One Pan Chicken Gnocchi Recipe 

This creamy chicken gnocchi uses store-bought gnocchi and cooks in one skillet with chicken, vegetables, and sauce. This adaptable dish is ideal for using up most vegetable waste. 


Chicken – 1 teaspoon butter – 2 teaspoons olive oil – 2 (8 ounce) skinless, boneless chicken breast – 1 teaspoon Italian seasoning – salt and freshly ground black pepper to taste Gnocchi – 2 teaspoons butter – 1 pound gnocchi Vegetable – 2 cups bite-sized broccoli floret – 1 zucchini, sliced into thin ribbon – 1 yellow squash, cut into half moon – 1/2 cup quartered mushroom – 1/4 teaspoon Italian seasoning – 2 cloves garlic, minced – 1/4 cup diced red bell pepper Cream Sauce – 2 teaspoons butter – 2 tablespoons minced shallot (about 1 shallot) – 1 cup chicken broth – 3/4 cup half-and-half – 1/4 cup heavy cream – 2 tablespoons all-purpose flour – 1 tablespoon lemon juice, or more to taste

Heat oil and butter in a big skillet on medium.

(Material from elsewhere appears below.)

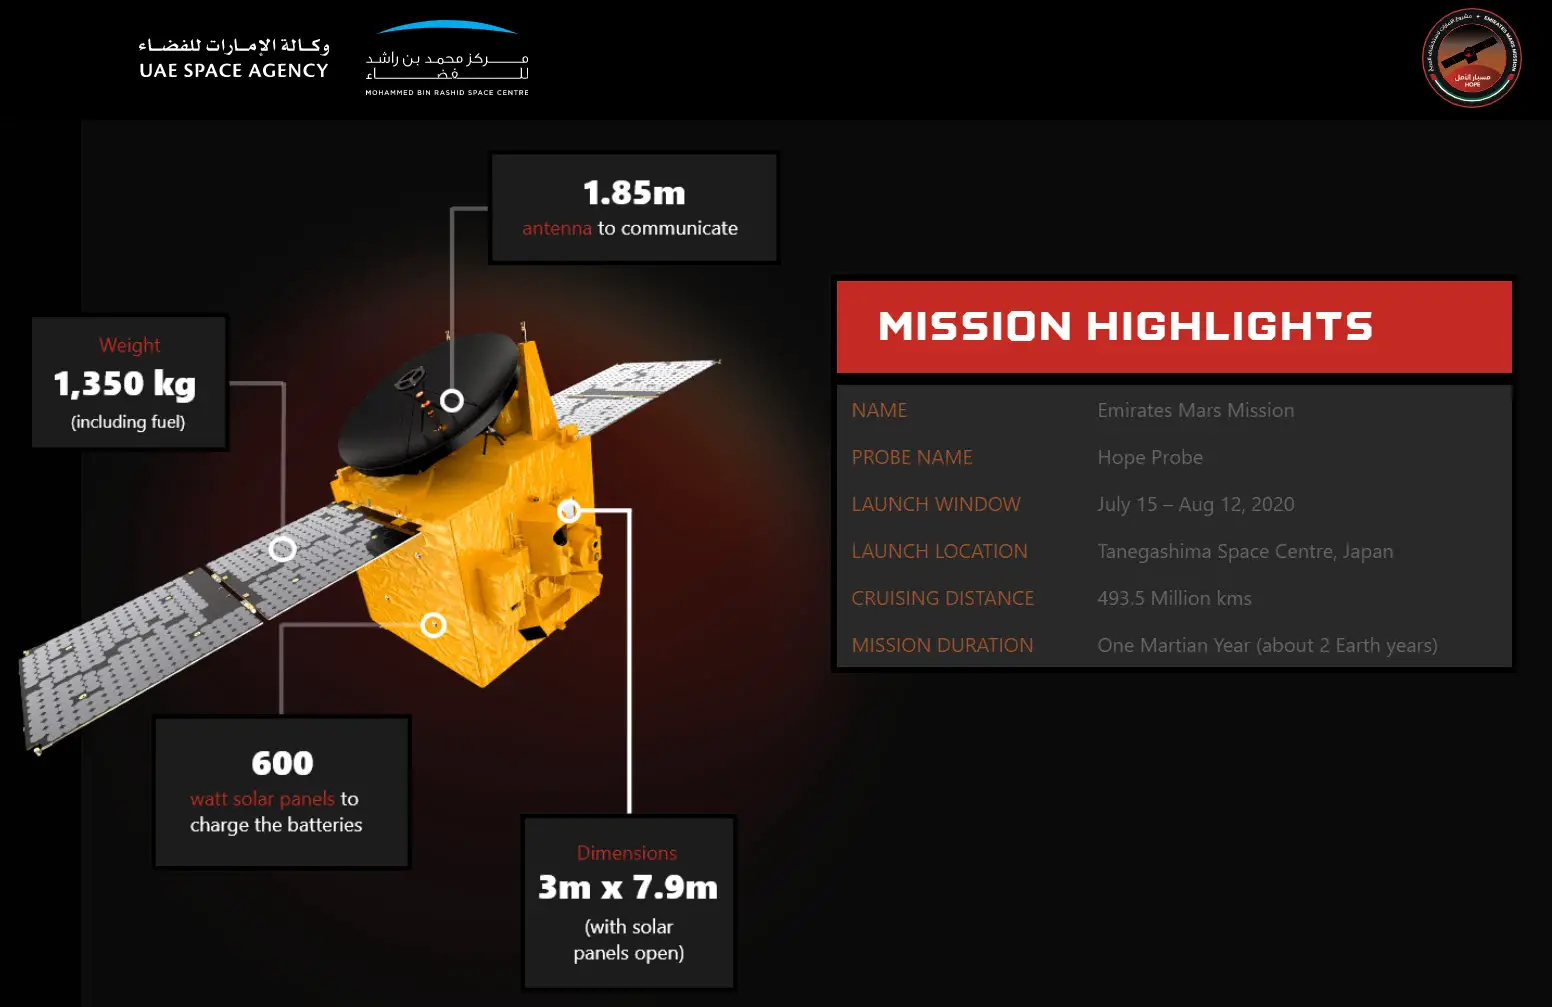 UAE MARS Mission-Emirates Mars Mission Hope Probe

Cut chicken breasts in half horizontally for skinny breasts. Add spices.  


Cook chicken in skillet for 4 minutes until golden brown on both sides. Keep chicken warm on a dish.  

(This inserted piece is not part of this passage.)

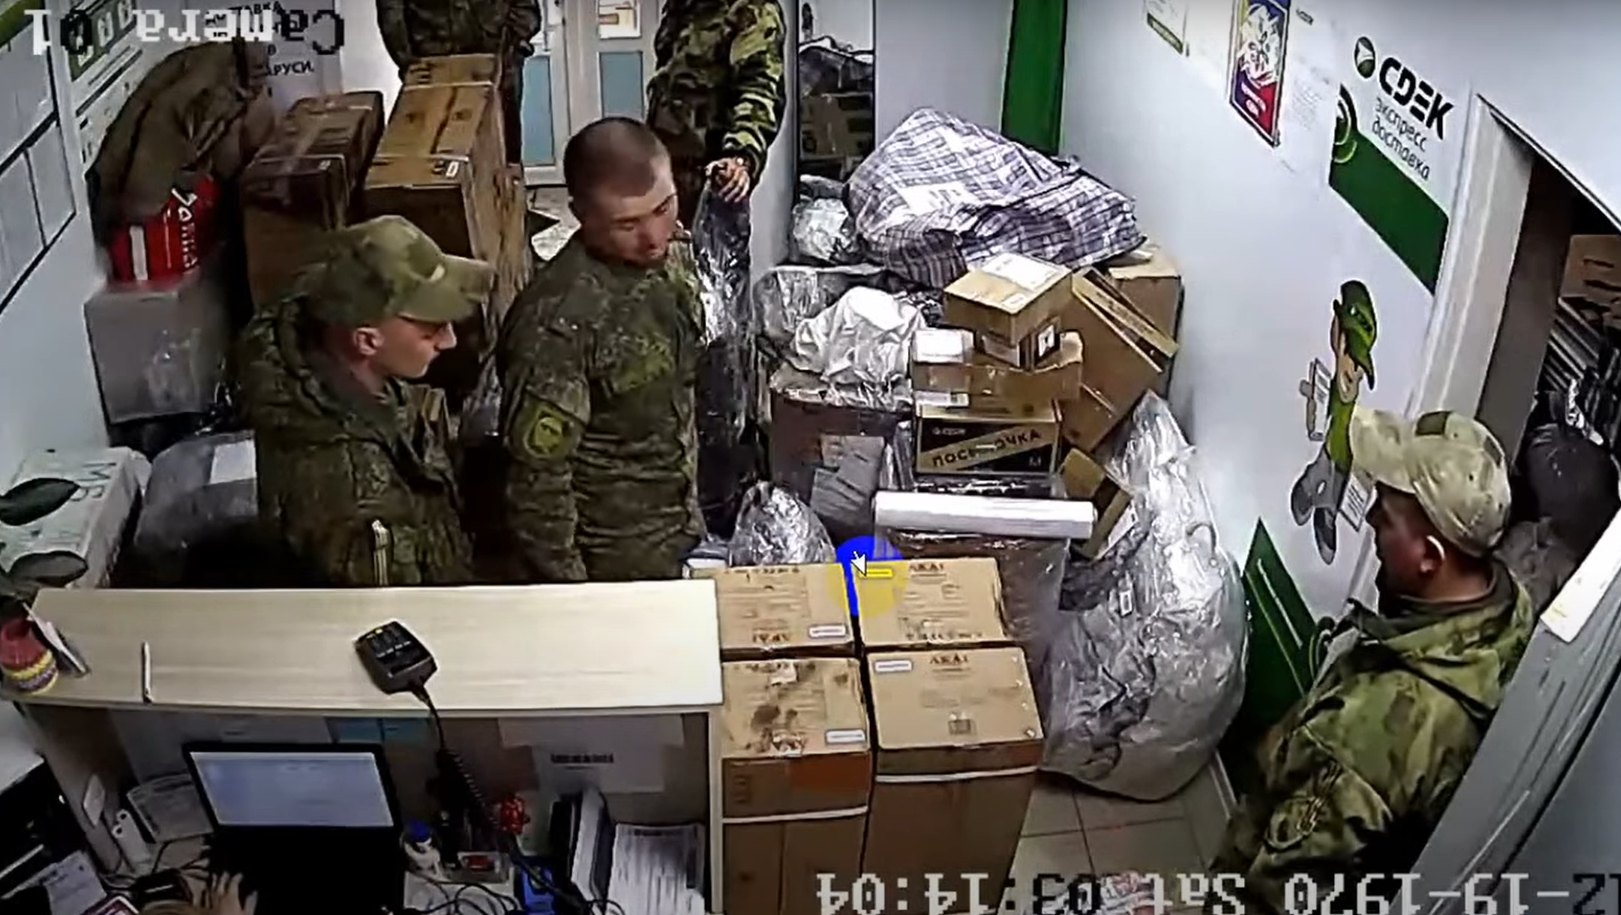 Появилось видео как солдаты отправляют вещи через отделение ...

In same skillet, melt butter. Season gnocchi with salt and pepper. Cook 6–7 minutes until gnocchi is golden. Take gnocchi to a bowl.  

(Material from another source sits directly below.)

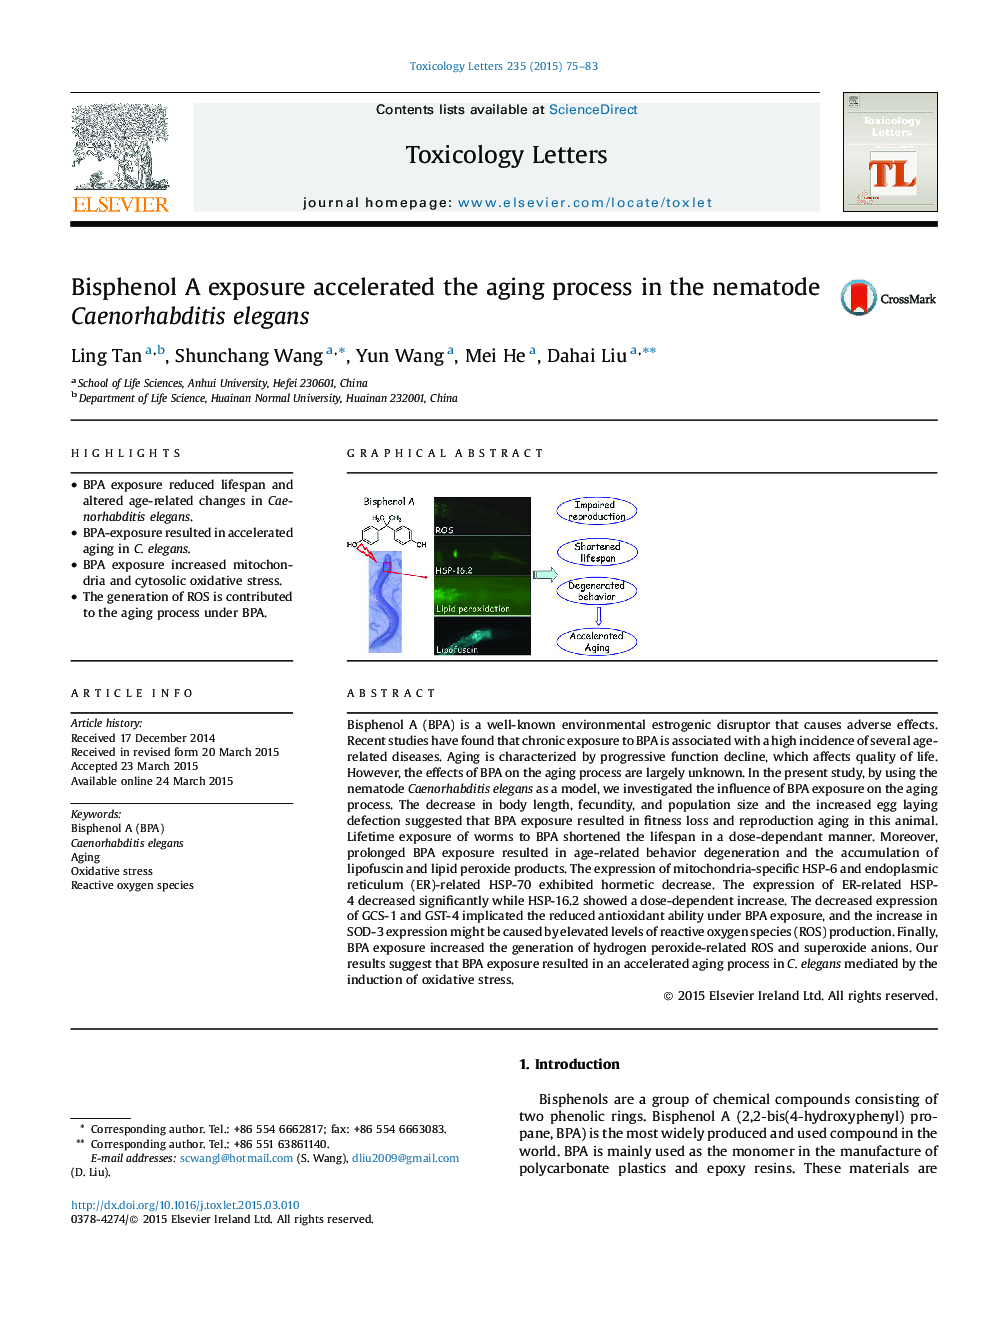 Bisphenol A exposure accelerated the aging process in the nematode Caenorhabditis elegans

Season broccoli, zucchini, squash, mushrooms, and bell pepper with Italian seasoning. Sauté vegetables for 5–7 minutes, depending on thickness, until crisp and tender. 

Add minced garlic in the last 45 seconds and sauté until fragrant. Transfer vegetables to gnocchi bowl. In same skillet, melt 2 tablespoons butter and sauté shallot for 3 minutes until mellow and aromatic.  

Add chicken broth, half-and-half, and heavy cream. Cook flour until thickened, about 3 minutes, whisking to avoid lumps. Add lemon juice to taste.  

Add cooked chicken to gnocchi, veggies, and cream sauce.